» **WORK REQUEST**: Please repeat the whole listing exactly, but leave the pictures out.

GIVEN DATA section start

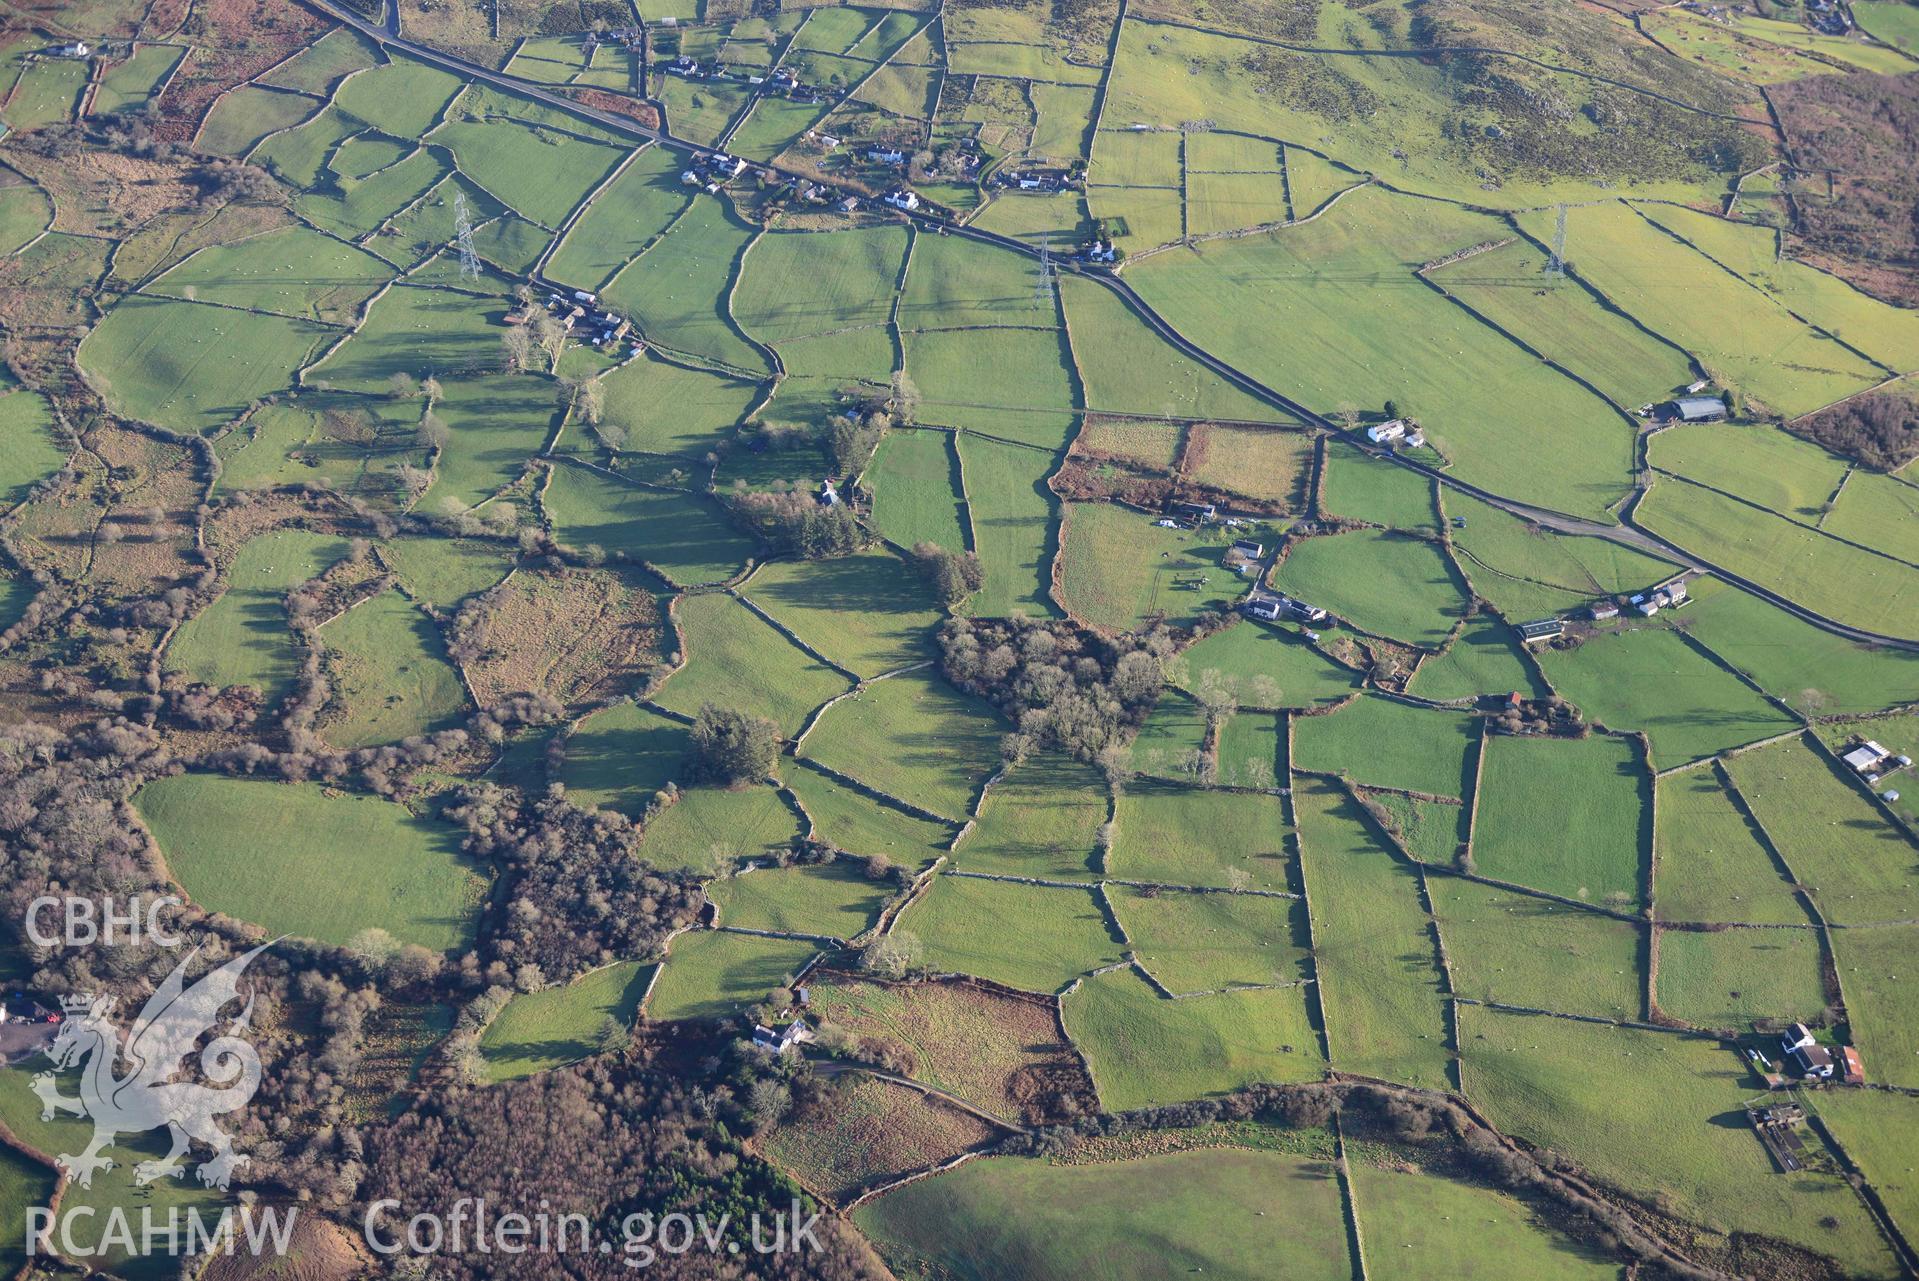 Oblique aerial photograph of Penygroes landscape, with settlement enclosure, Llwyn Du; west of Pen-yr-allt taken from north west during the Royal Commission
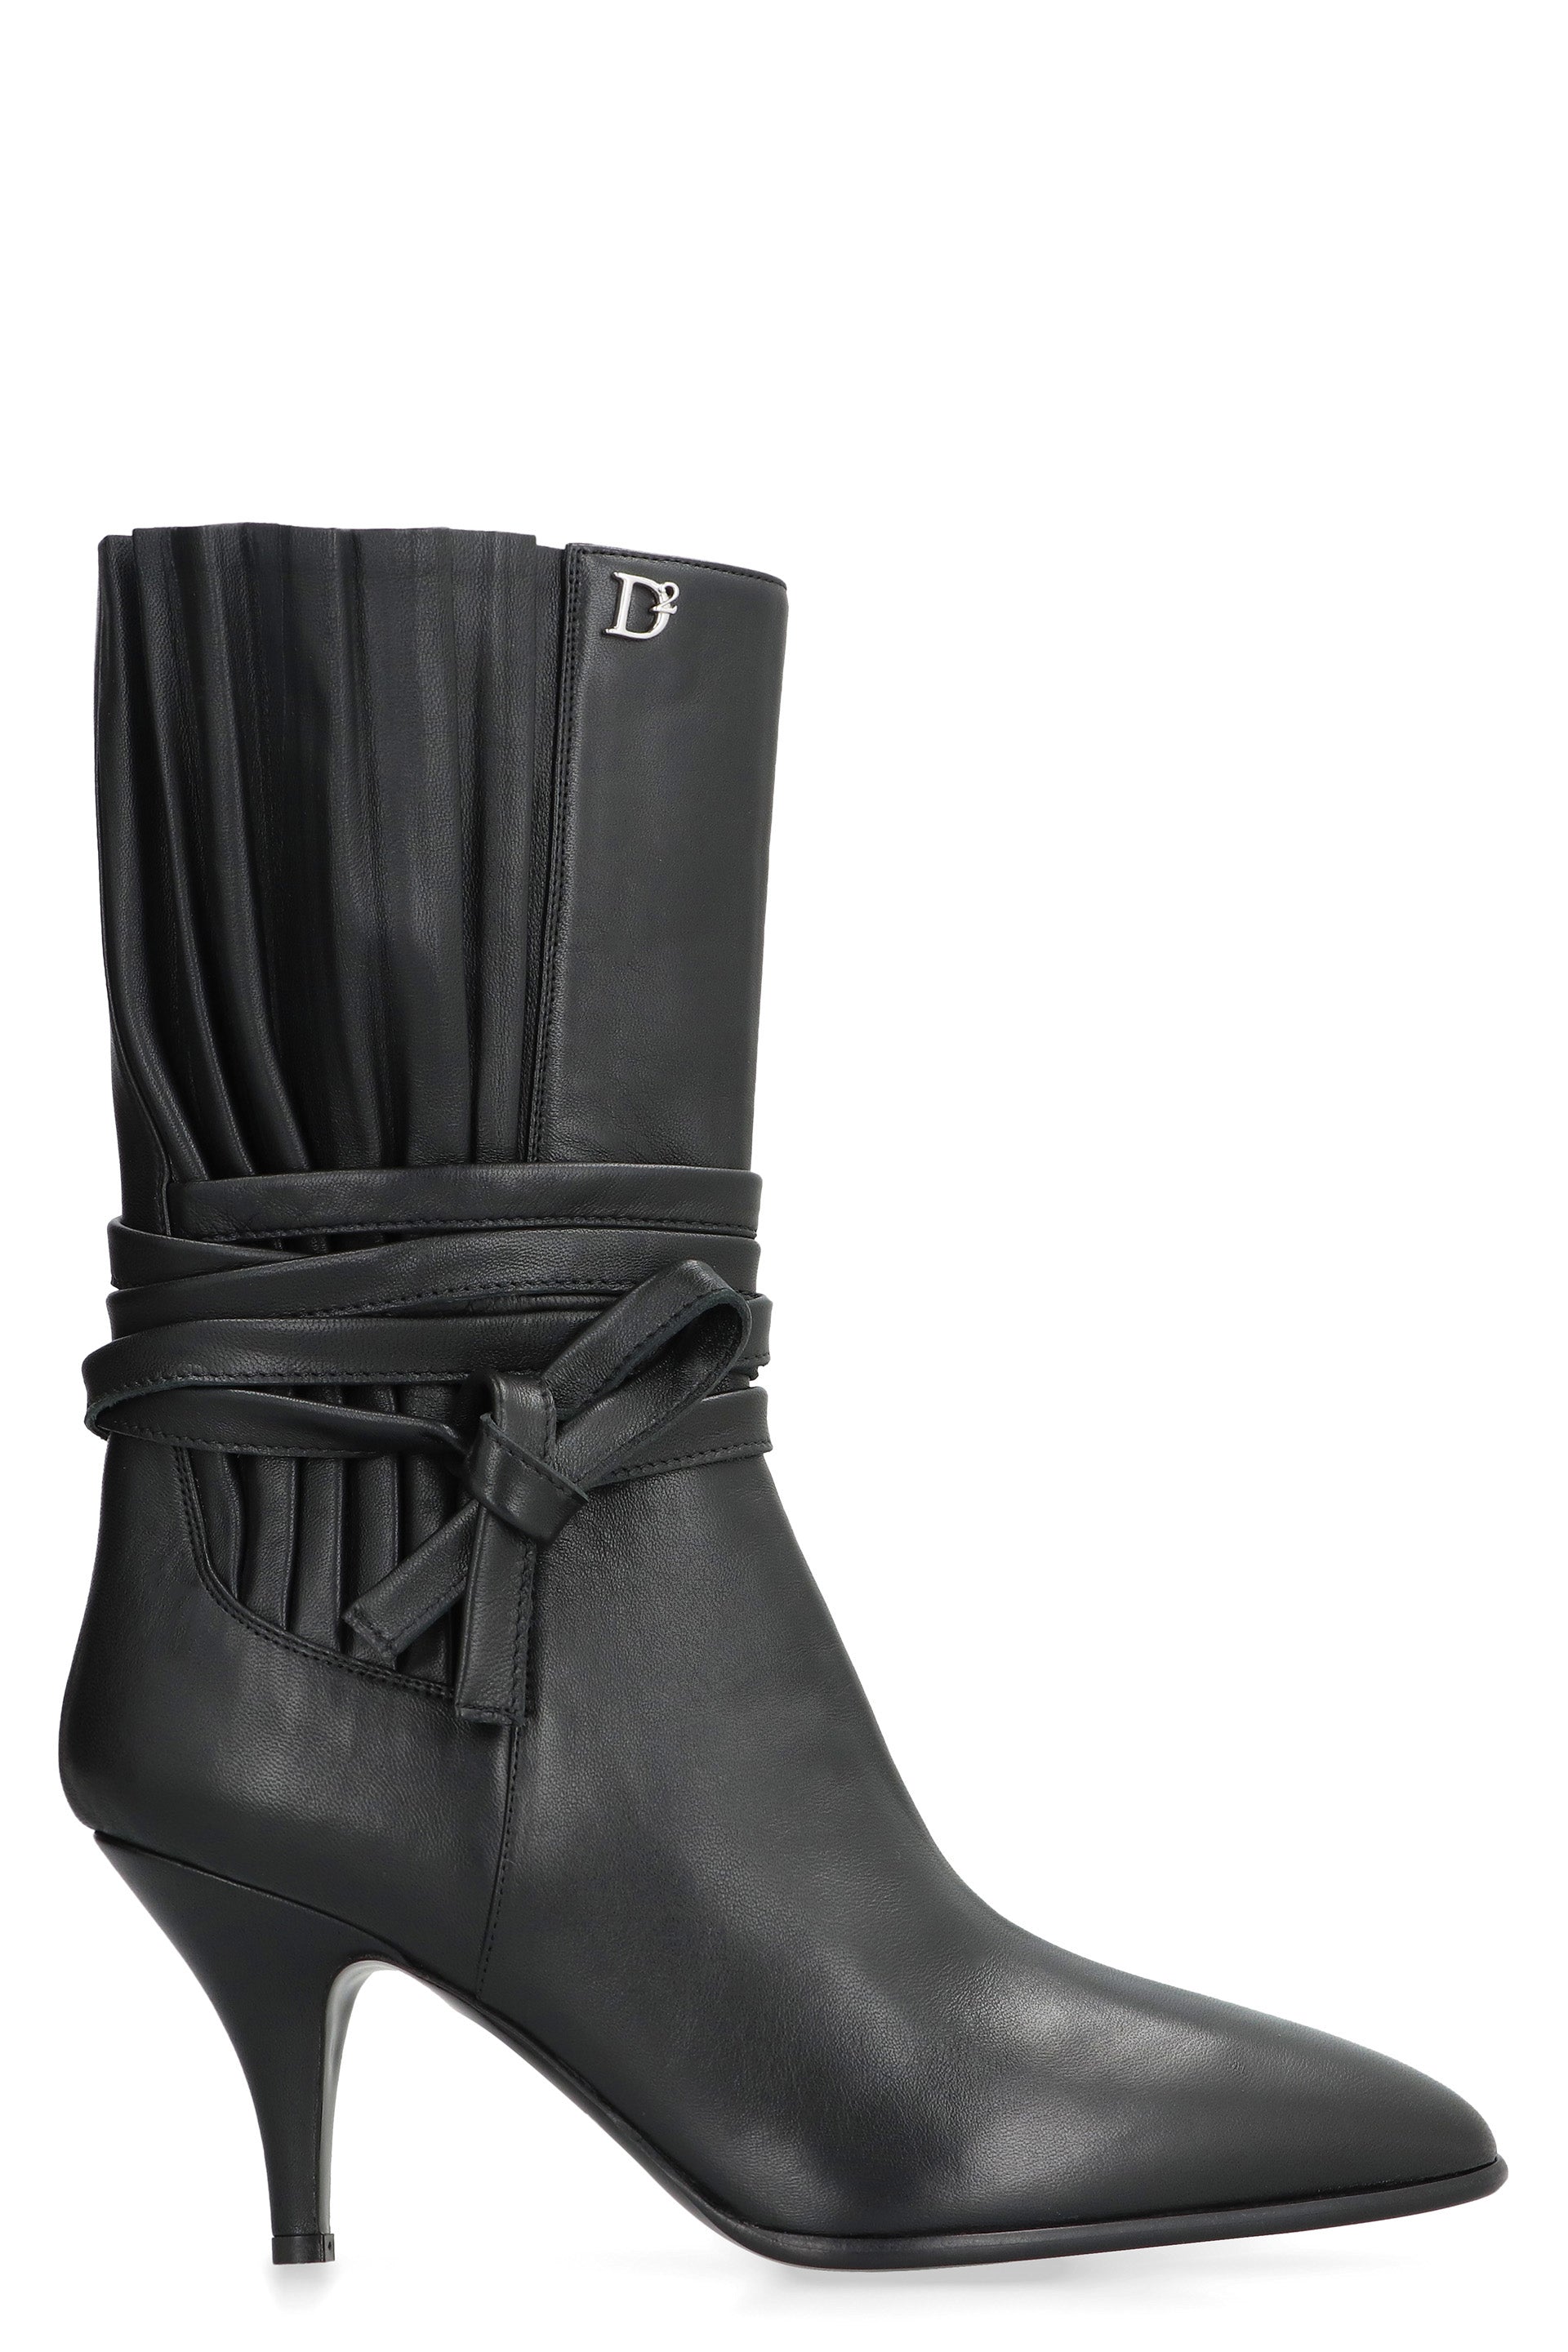 Dsquared2 Black Leather Ankle Boots With Pleated Insert, Lace Up Ankle Tie And Stiletto Heel For Women
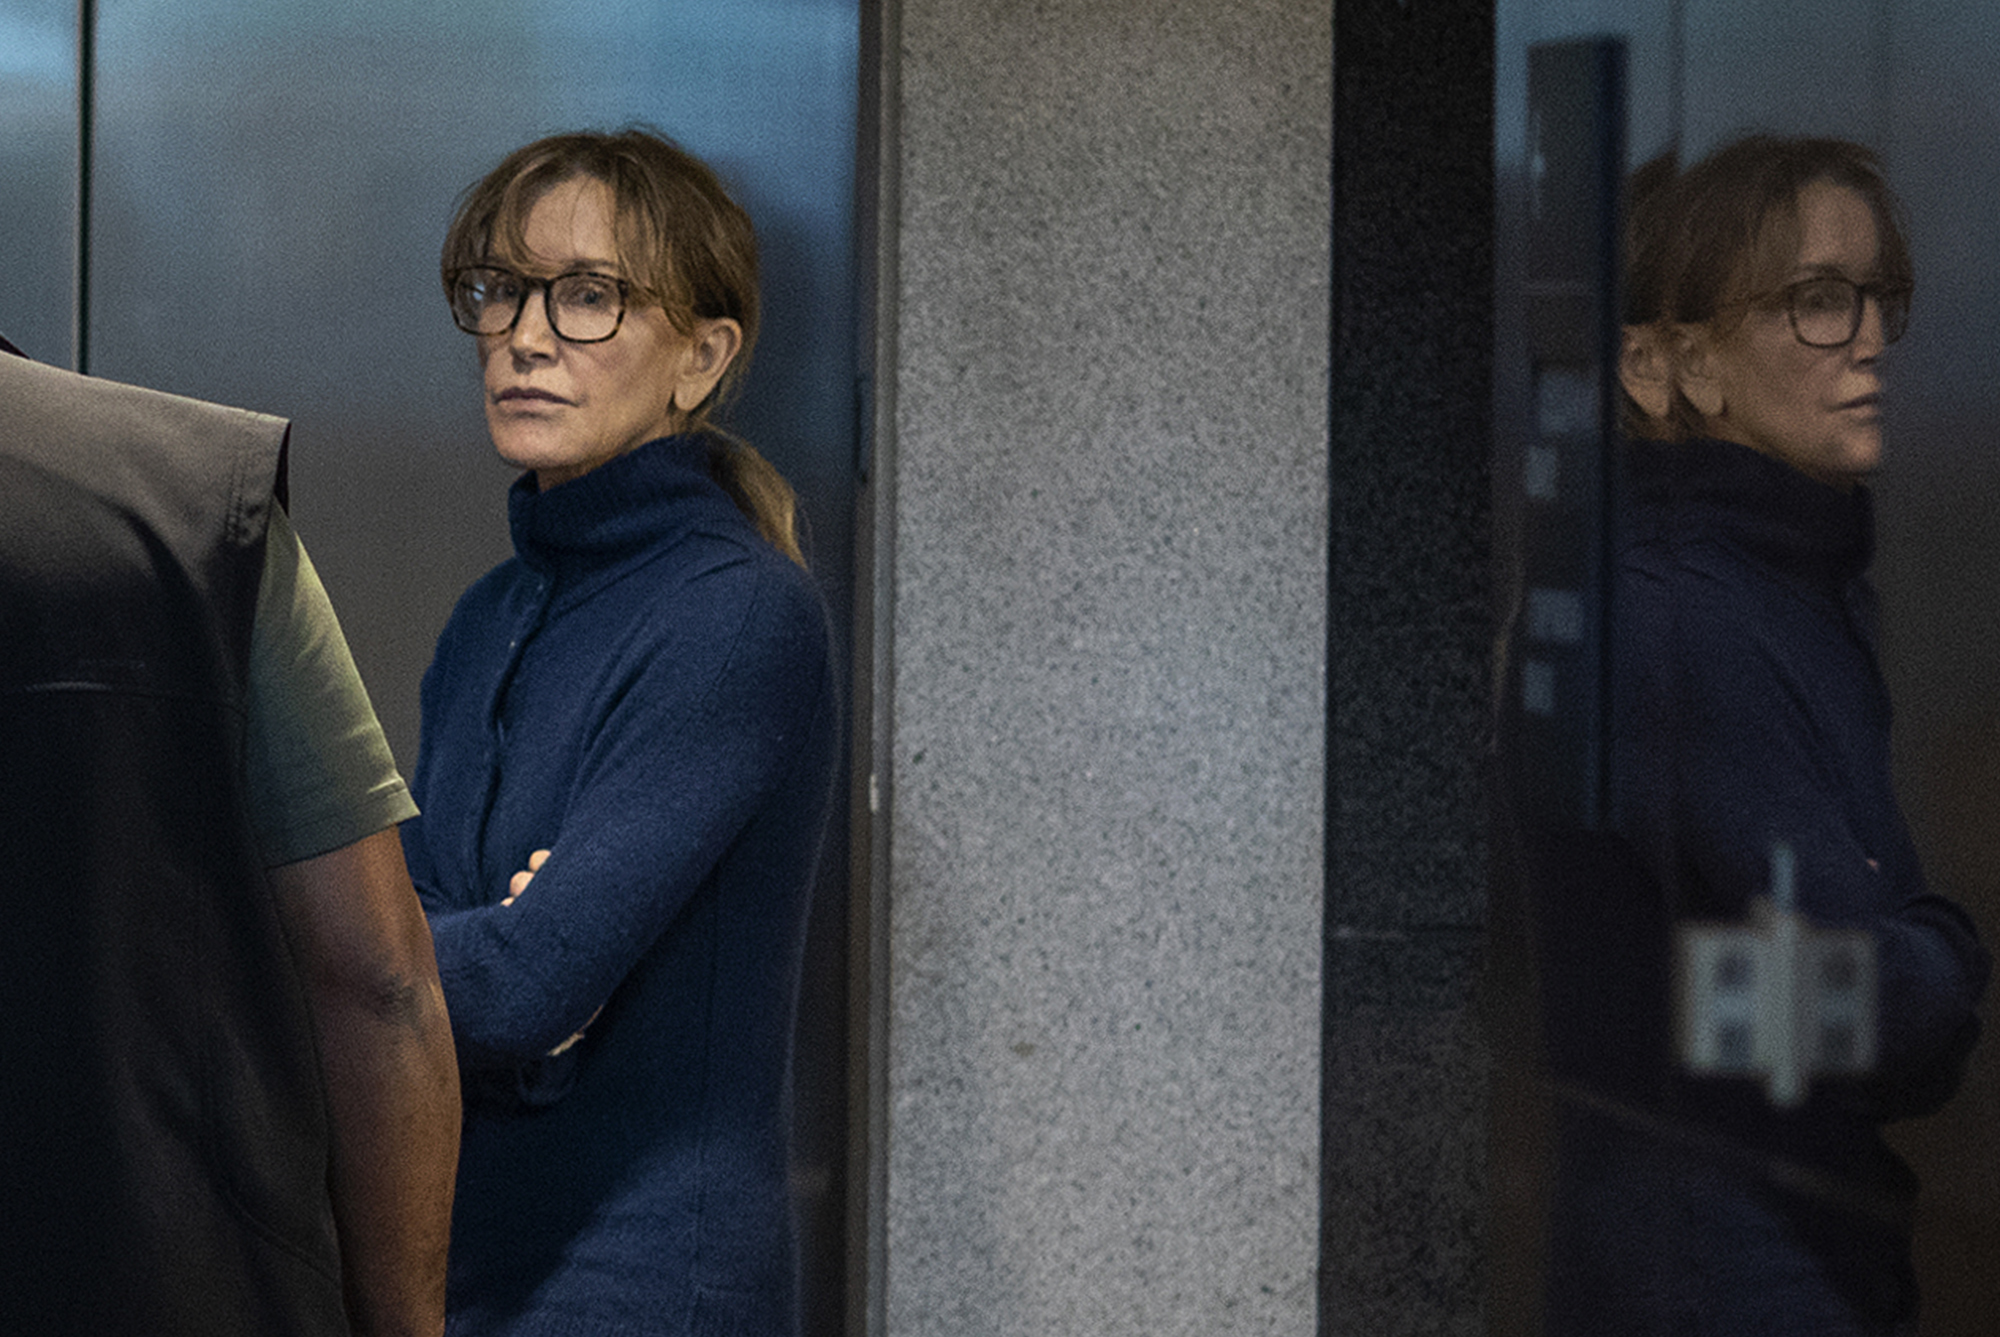 PHOTO: Actress Felicity Huffman is seen inside the Edward R. Roybal Federal Building and U.S. Courthouse in Los Angeles, March 12, 2019.

GIVEN DATA section end

» **ANSWER BELOW**:
 Oblique aerial photograph of Penygroes landscape, with settlement enclosure, Llwyn Du; west of Pen-yr-allt taken from north west during the Royal Commission
 Dsquared2 Black Leather Ankle Boots With Pleated Insert, Lace Up Ankle Tie And Stiletto Heel For Women
 PHOTO: Actress Felicity Huffman is seen inside the Edward R. Roybal Federal Building and U.S. Courthouse in Los Angeles, March 12, 2019.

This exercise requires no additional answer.